■ **Listed entries**:
########################################

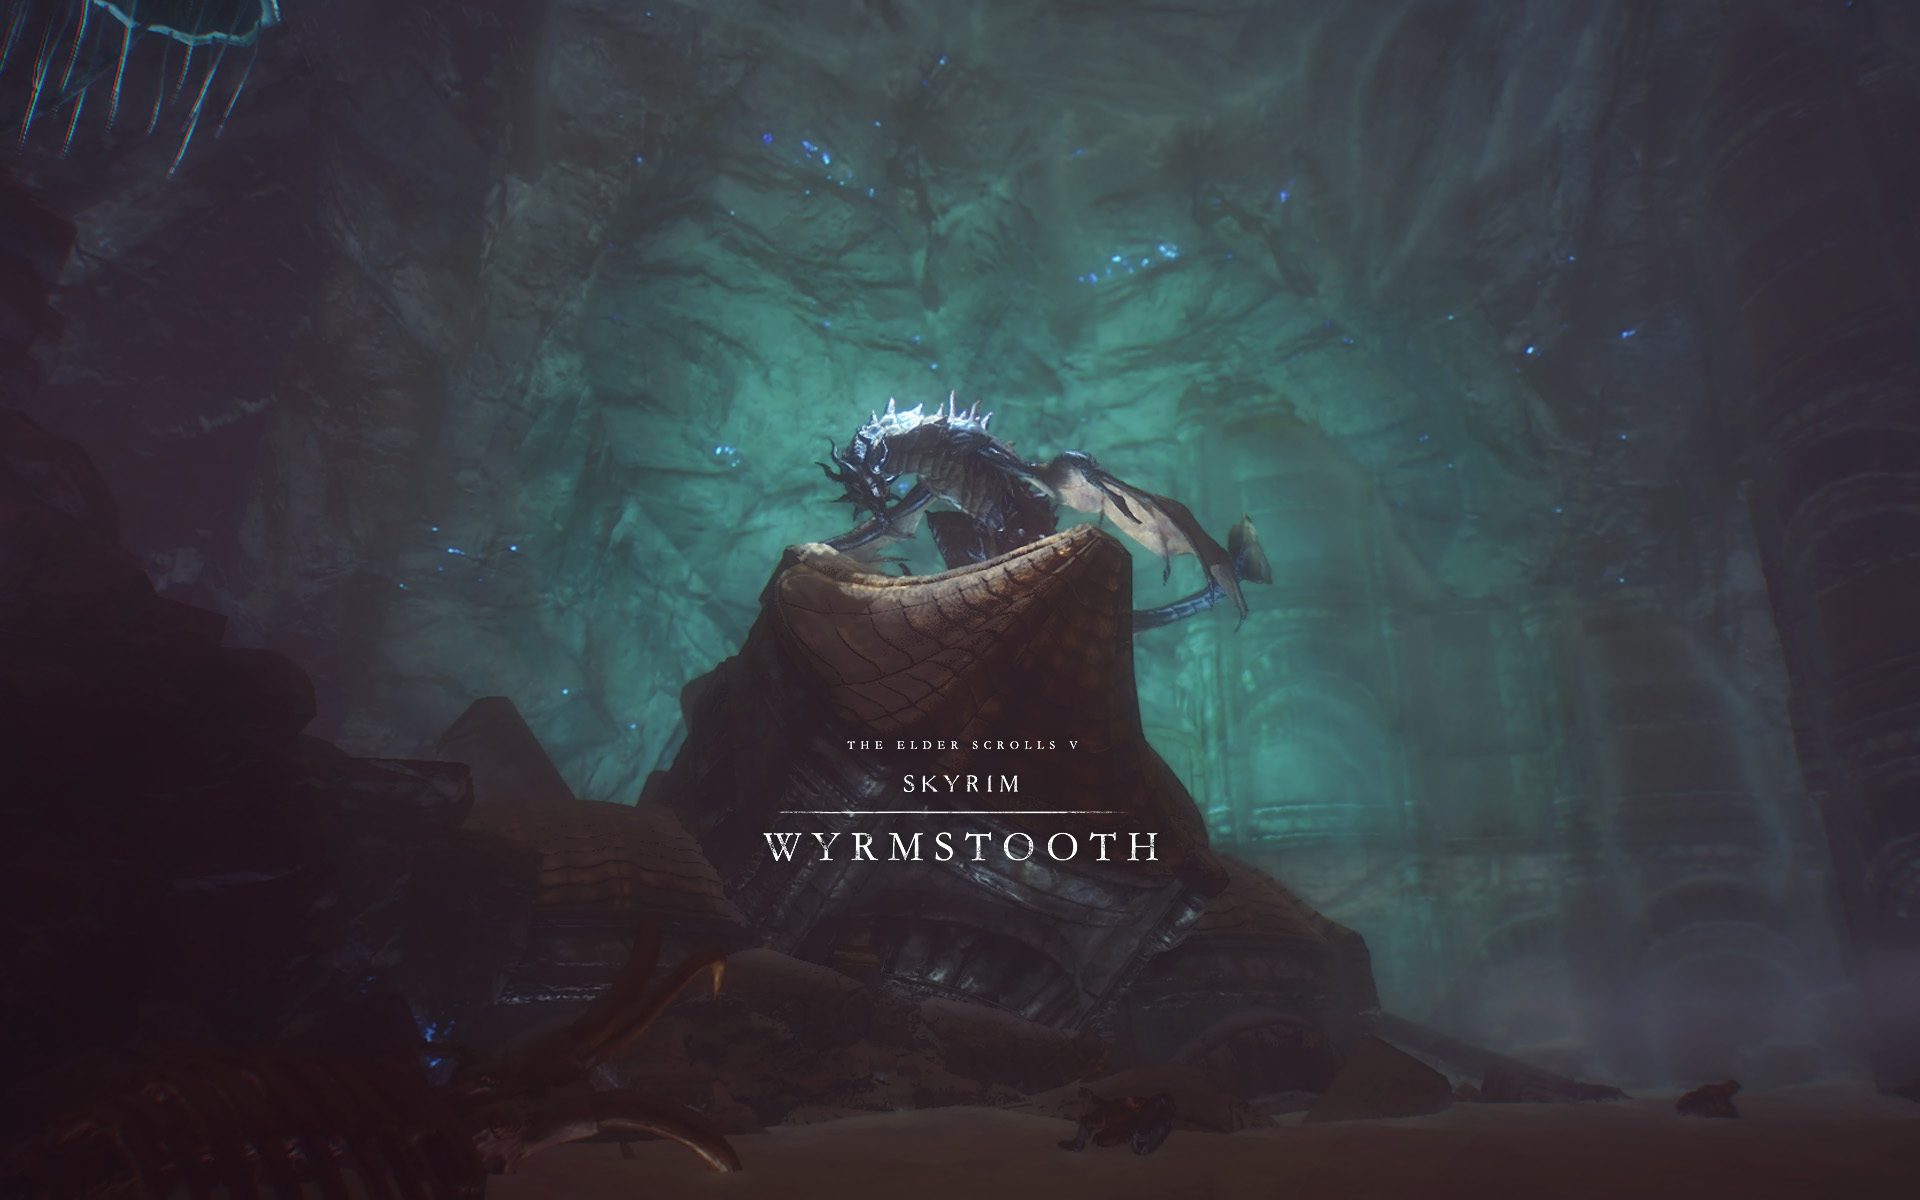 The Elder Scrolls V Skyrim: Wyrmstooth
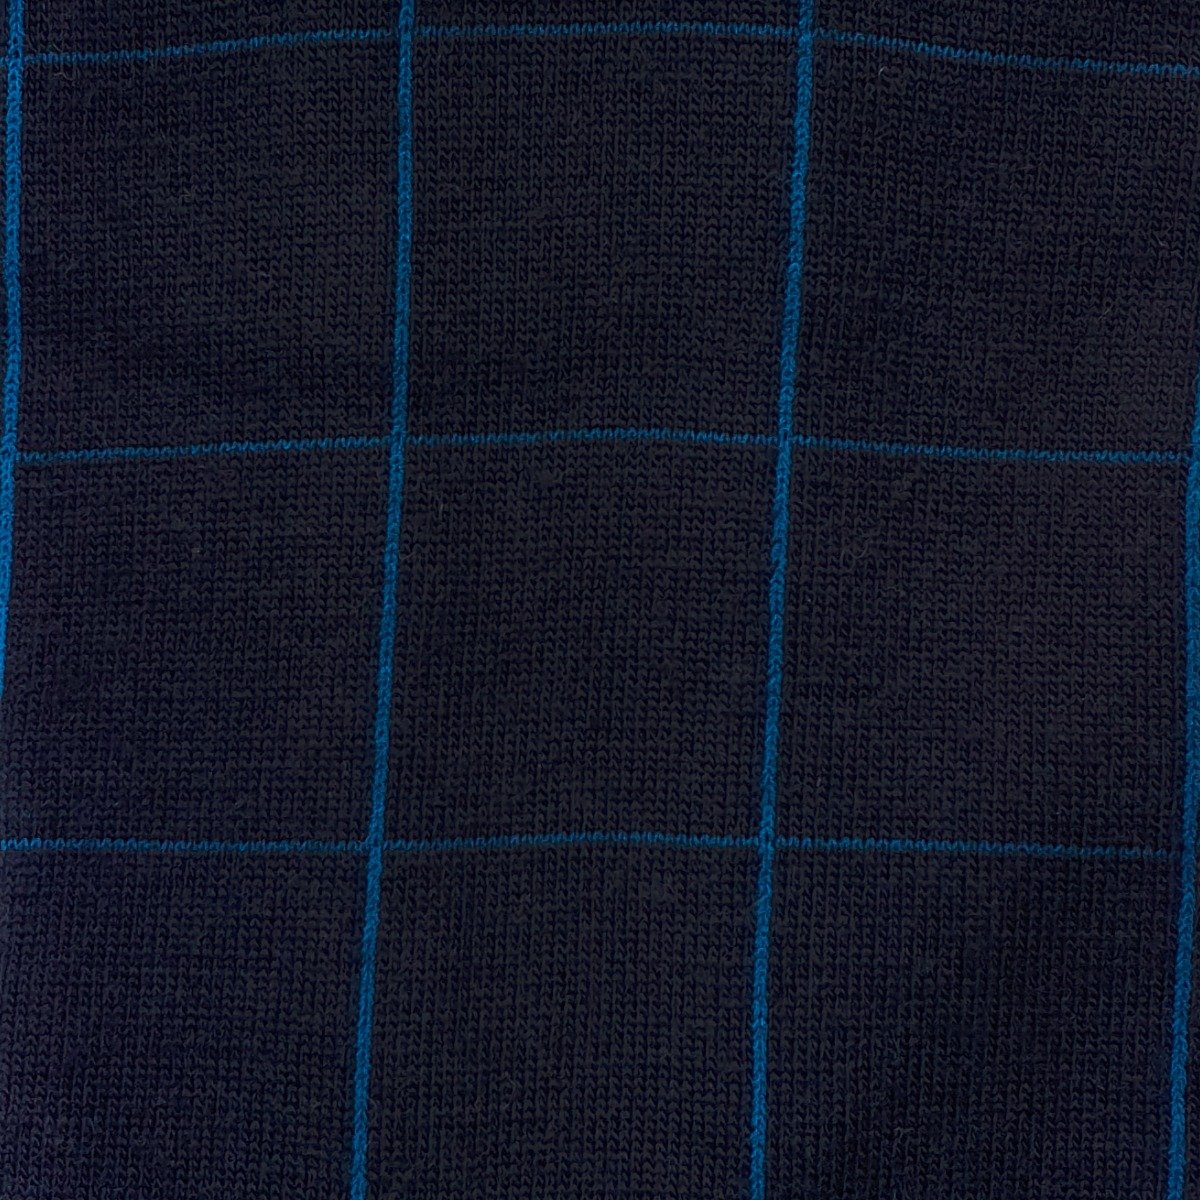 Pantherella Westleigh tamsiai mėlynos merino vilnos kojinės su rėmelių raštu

########################################

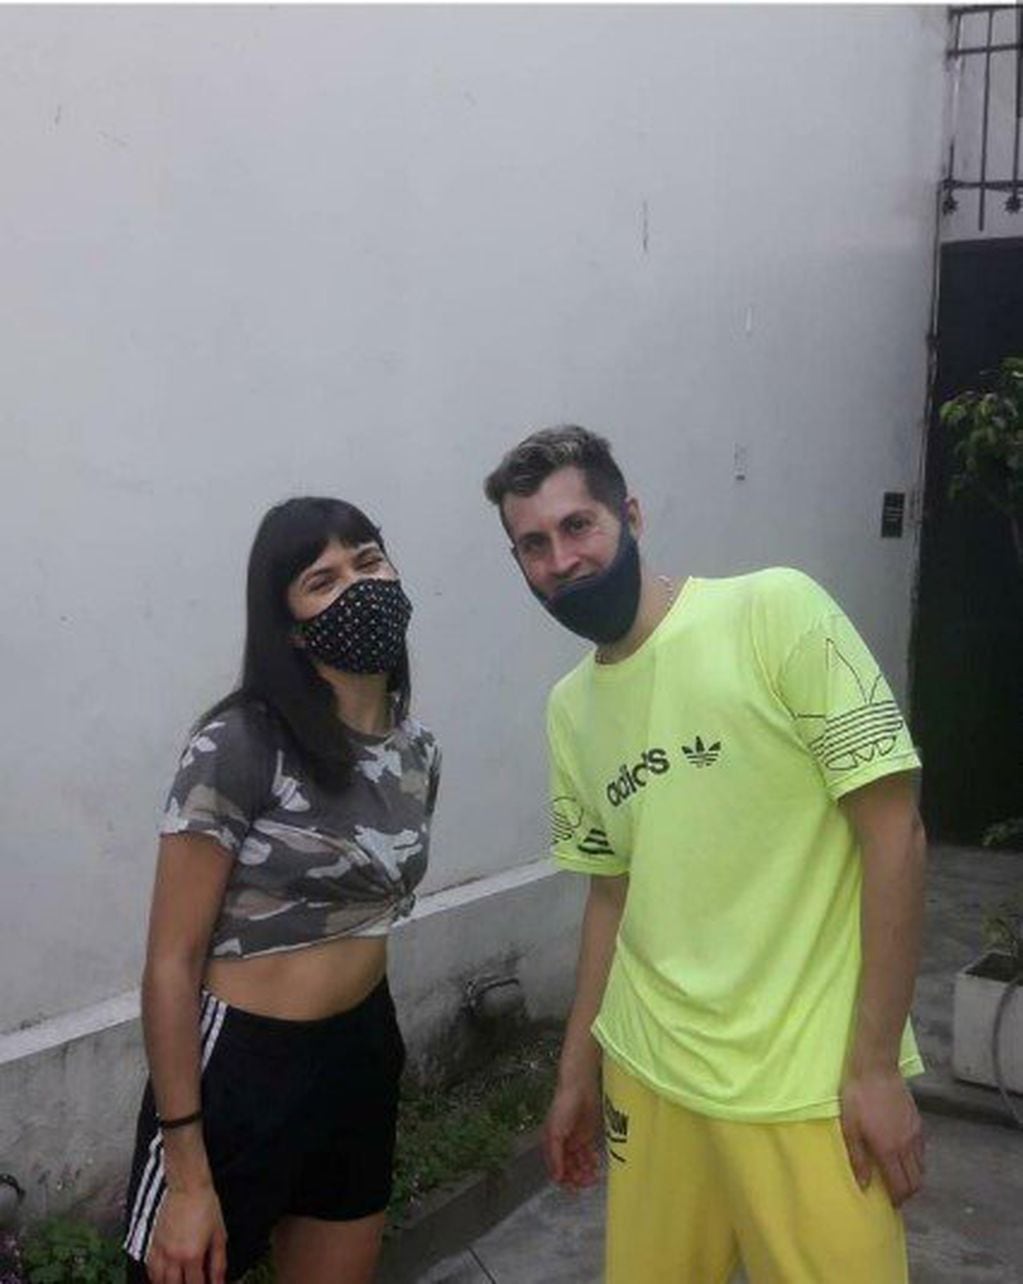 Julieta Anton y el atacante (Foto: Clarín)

########################################

■ **Task requirements**: Reproduce the lines above beginning at the line that contains "The Elder Scrolls V Skyrim: Wyrmstooth" and ending at the line that contains "Pantherella Westleigh tamsiai". No pictures.

■ **Written solution**:
 The Elder Scrolls V Skyrim: Wyrmstooth
 Pantherella Westleigh tamsiai mėlynos merino vilnos kojinės su rėmelių raštu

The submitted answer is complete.